Baker addressed using the paper’s data for return on Investment claims,

“In only a handful of states are the majority of charter schools ostensibly fully fiscally independent of local public districts. This core problem invalidates all findings and conclusions of the study, and if left unaddressed would invalidate any subsequent ‘return on investment’ comparisons.

The Authors

Corey A. DeAngelis is the national director of research at the American Federation for Children (DeVos), the executive director at the Educational Freedom Institute (Friedman), an adjunct scholar at Cato Institute (Koch), and a senior fellow at Reason Foundation. He was named on the Forbes 30 Under 30 list for his work on education policy and received the Buckley Award from America’s Future in 2020.

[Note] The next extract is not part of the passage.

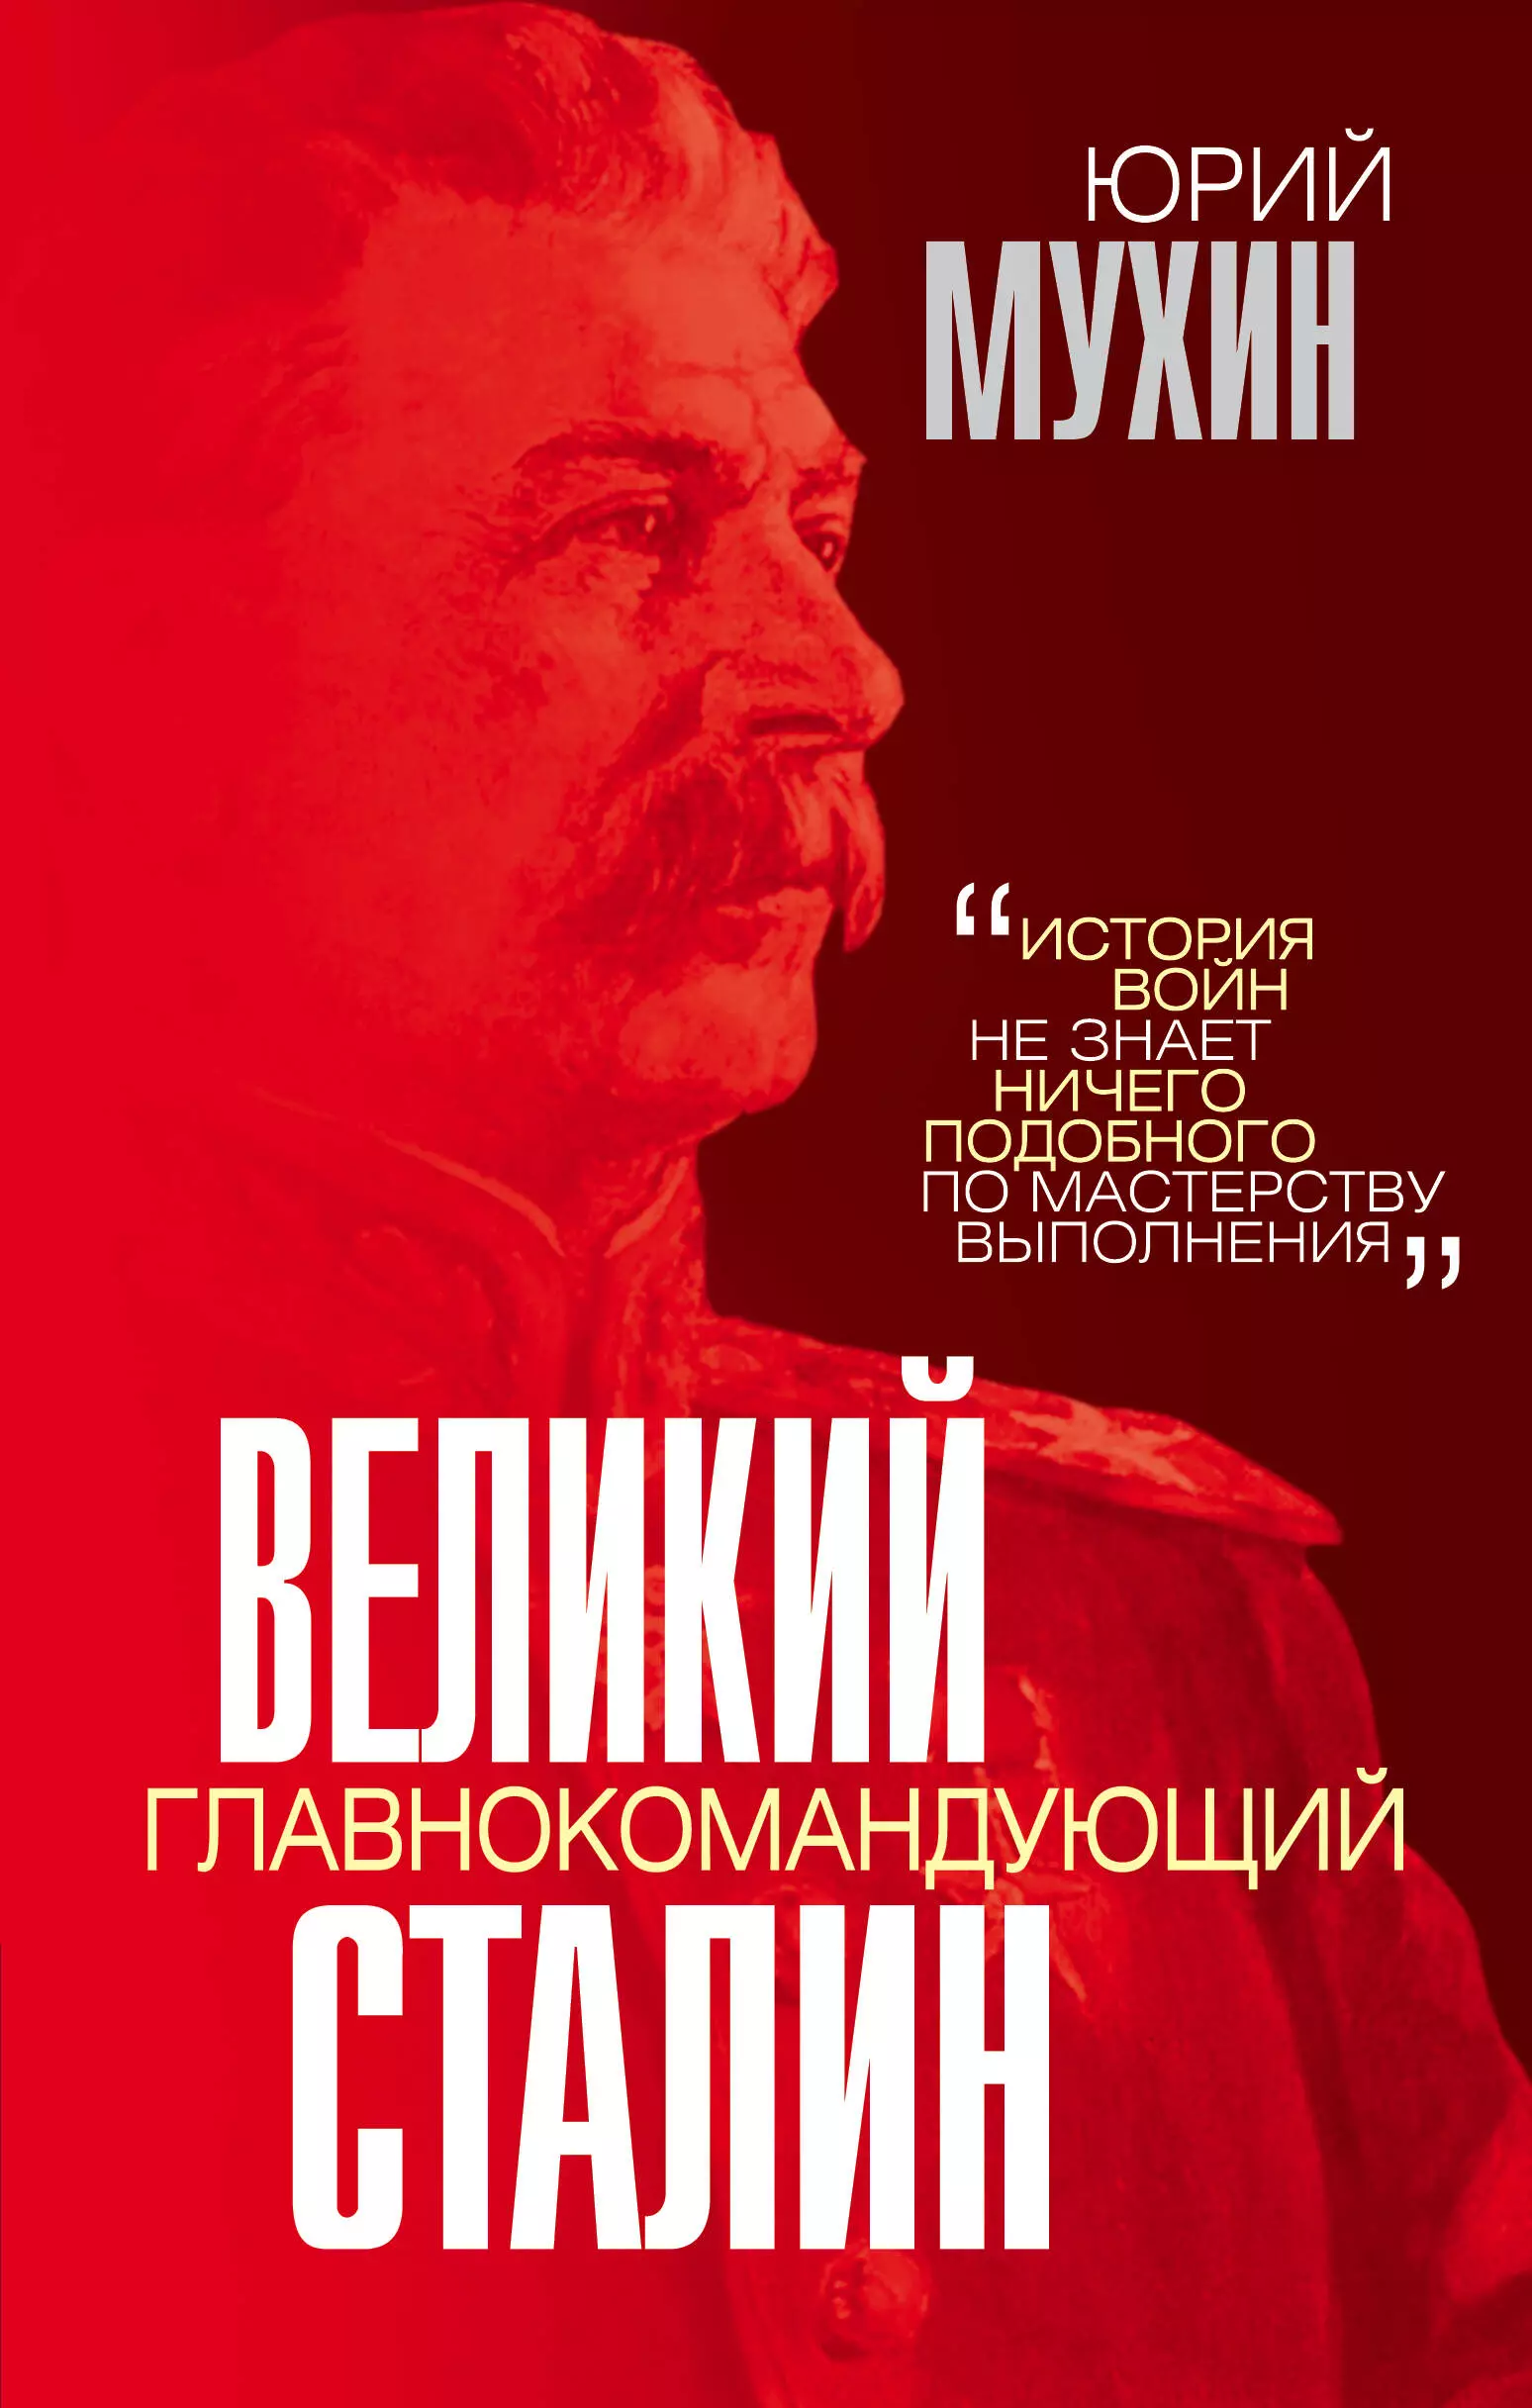 Мухин Юрий Игнатьевич - Великий главнокомандующий И.В. Сталин

Patrick J. Wolf is principal investigator of the School Choice Demonstration Project where he has led or is leading major studies of school choice initiatives including longitudinal evaluations of school voucher programs in Washington, DC; Milwaukee, WI; and the state of Louisiana.

Cassidy Syftestad is a Doctoral Academy Fellow, Department of Education Reform at the University of Arkansas. Her previous experience includes working at the Koch Institute, the Heritage Foundation, the Heartland Institute and Hillsdale College.

Larry D. Maloney is president of Aspire Consulting.

Jay F. May is founder of and senior consultant for EduAnalytics.